Part 1 – Modeling the Repository

First we will discuss the systems architecture and components. Fedora (Flexible Extensible Digital Object Repository Architecture) provides the core architecture and services necessary for digital preservation, all accessible through a well-defined Application Programming Interface (API). It also provides numerous support services to facilitate harvesting, fixity, and messaging. It also supports the Resource Description Framework (RDF) by including the Mulgara triple store.

fig1

Figure 1

It is through these RDF semantic descriptions that Fedora models the relationships between the objects within the repository. An object’s RDF description contains declarative information regarding what kind of object it is. In our case we created one top-level model (CoreModel) that describes attributes commons among all objects (thumbnails, metadata, licensing information) and two second-level models that represent all basic shapes in the repository (Collections and Data). Collections represent groups of objects and Data objects represent the actual content being stored. (See Figure 1)

Figure 2

Figure 2

From here we further extrapolated these two models into specific types. Collections can be either Folders or Resources and Data objects can be Images, Audio files, Documents, etc. (See Figure 2)

Figure 3

Figure 3

Another important component found within the RDF description is the object’s relationship to other objects. It is this relationship that organizes Resources with their Parent Folder, and book pages within their parent Resource. (See Figure 3)
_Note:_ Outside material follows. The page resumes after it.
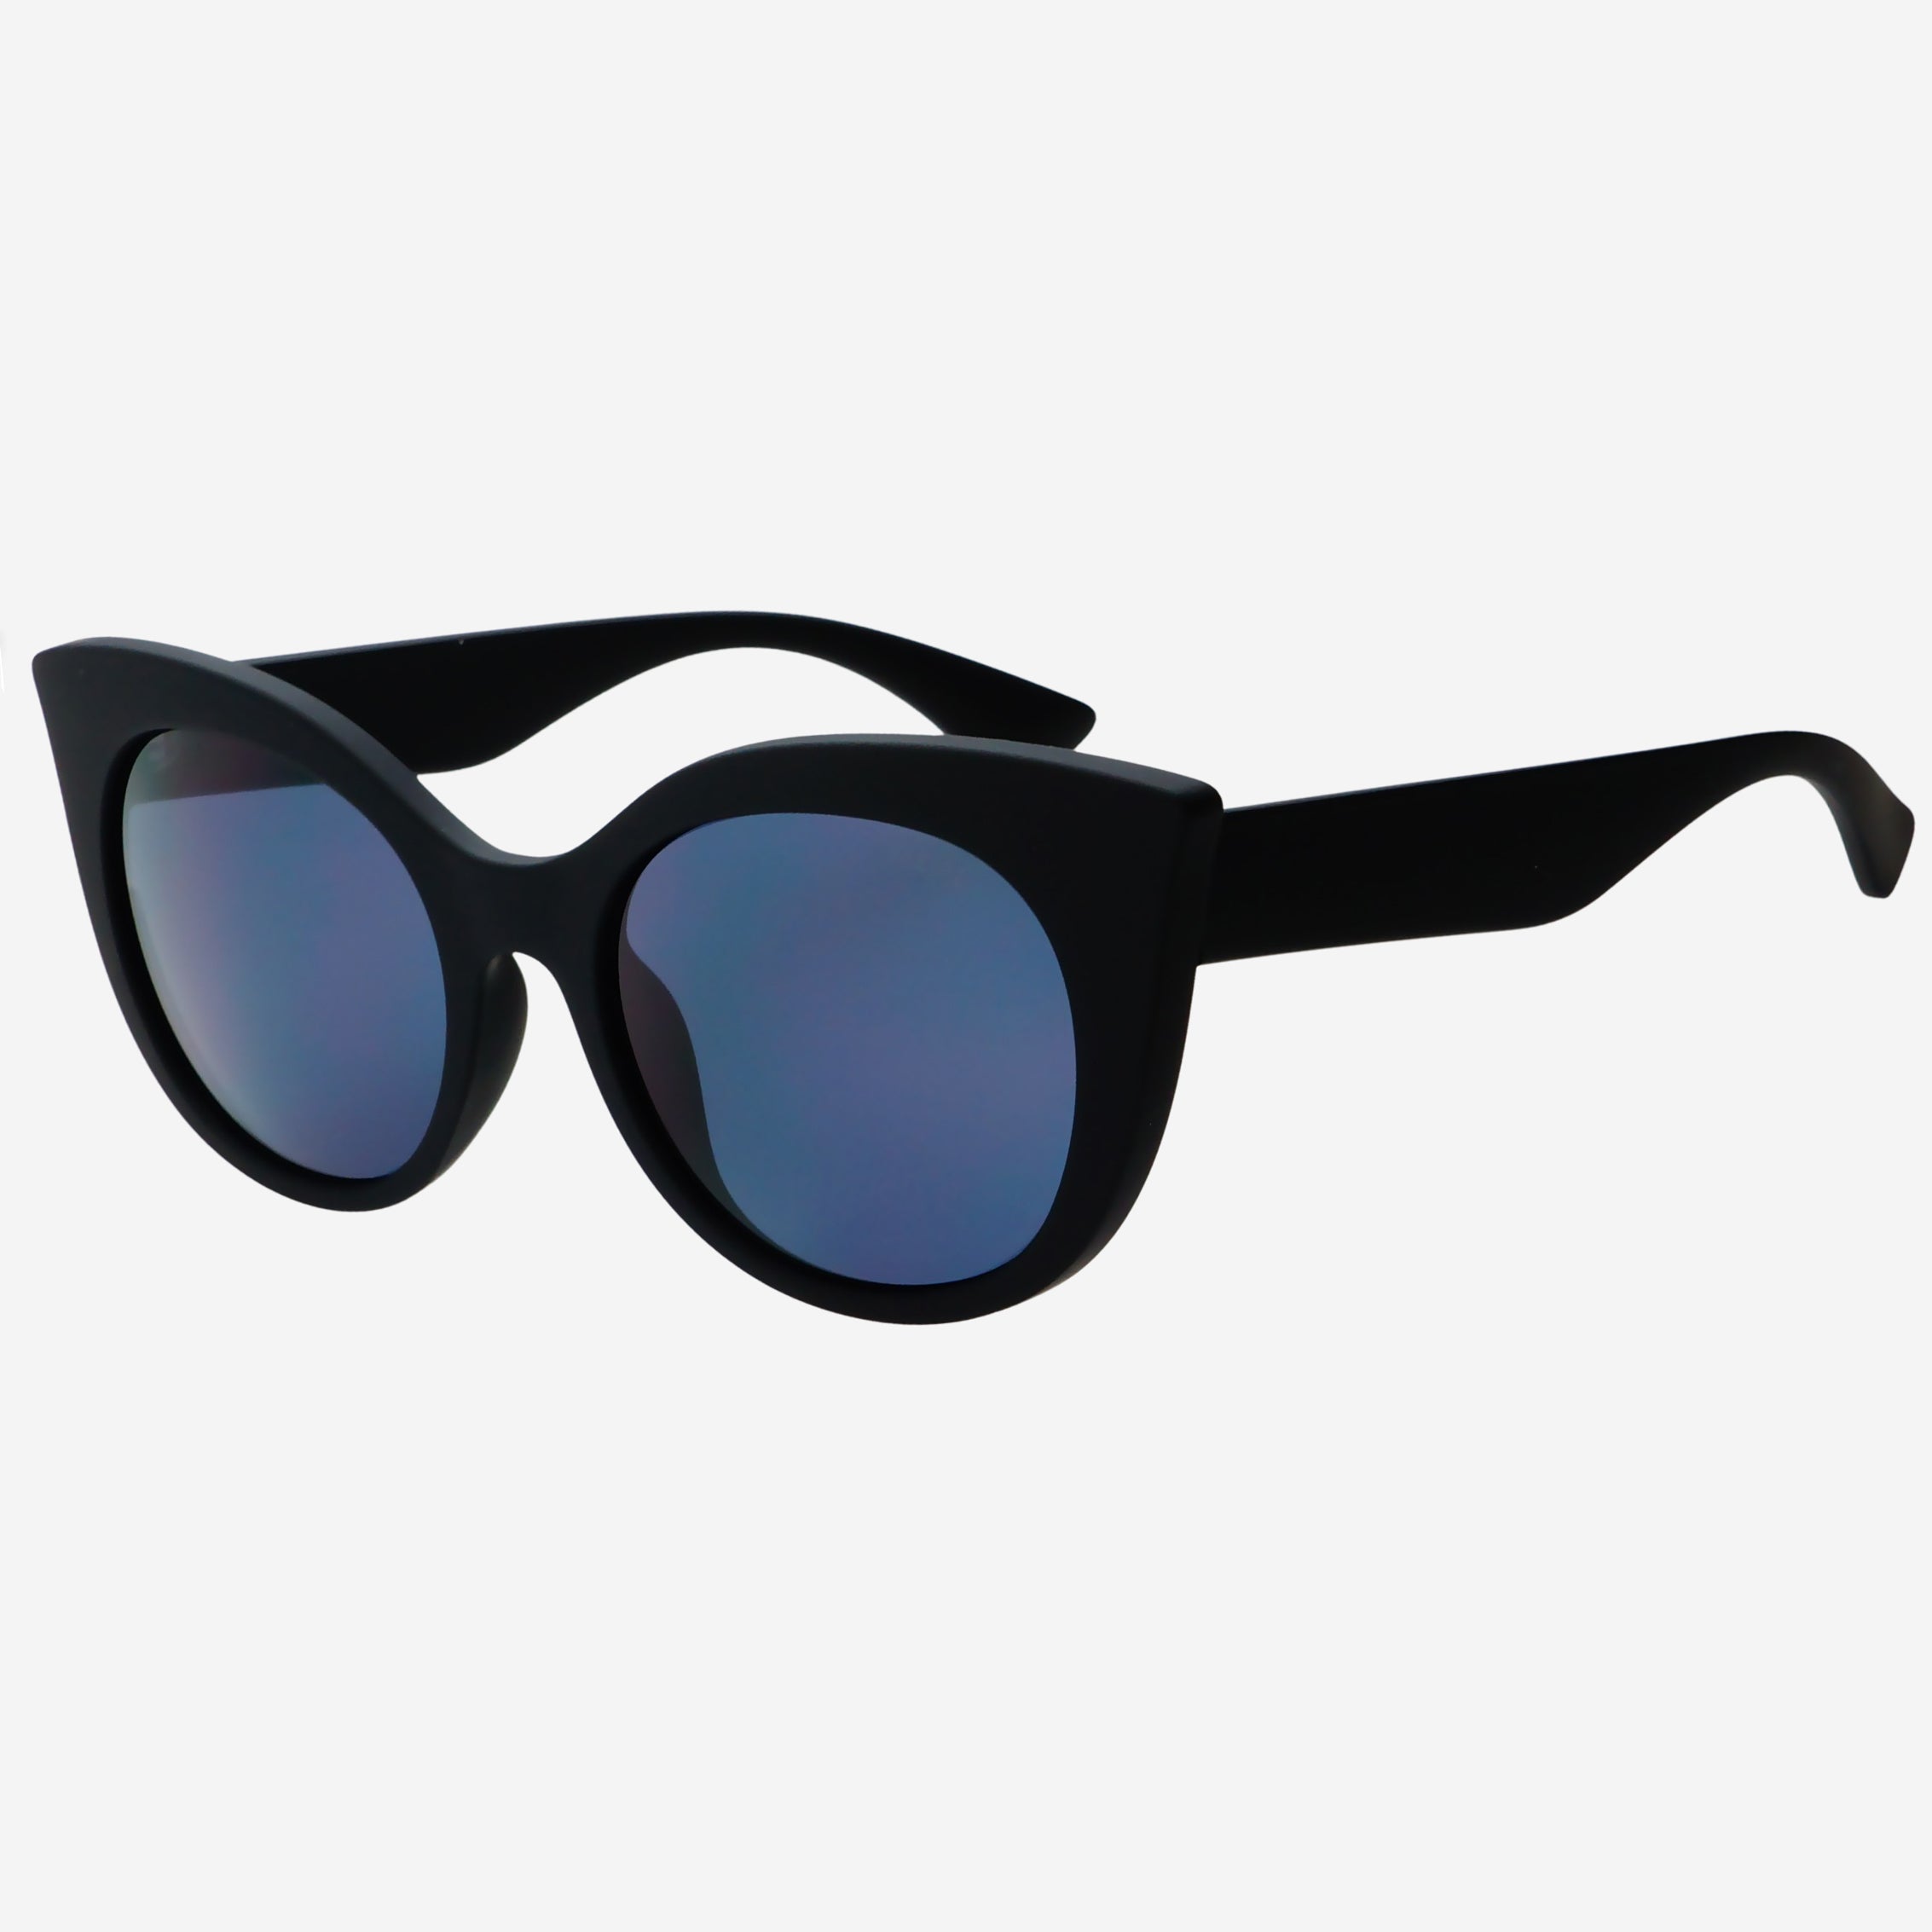 Sunglasses Round Eyewear Large Cat Roxy FREYRS by Womens Eye

Look at the following RDF description for our Cuala Press Collection. You can see that it contains two “hasModel” relationships stating that it is both a Collection and Folder (Fedora does not support inheritance in favor of a mixin approach). Note also the one “isMemberOf” relationship referencing vudl:3, the top-level collection of the Digital Library.

<rdf:RDF xmlns:rdf="http://www.w3.org/1999/02/22-rdf-syntax-ns#" xmlns:fedora="info:fedora/fedora-system:def/model#" xmlns:rel="info:fedora/fedora-system:def/relations-external#">
  <rdf:Description rdf:about="info:fedora/vudl:2001">
    <fedora:hasModel rdf:resource="info:fedora/vudl-system:CollectionModel"/>
    <fedora:hasModel rdf:resource="info:fedora/vudl-system:FolderCollection"/>
    <rel:isMemberOf rdf:resource="info:fedora/vudl:3"/>
  </rdf:Description>
</rdf:RDF>

A more detailed explanation of this data model was presented at Open Repositories 2013. Abstract

Part 2 – The Discovery Layer

Villanova’s Falvey Library is the focal point and lead development partner for VuFind, an Open Source search engine designed specifically around the discovery of bibliographic content. Its recently redesigned core provides a flexible model for searching and displaying our Digital Library, making it the perfect match for the public interface.

The backbone of VuFind is Apache Solr, a Java-based search engine. A simple explanation of how it works is that you put “records” into the Solr search index, each containing predefined fields (title, author, description, etc), and then the application can search through the contents of the index with high speed and efficiency.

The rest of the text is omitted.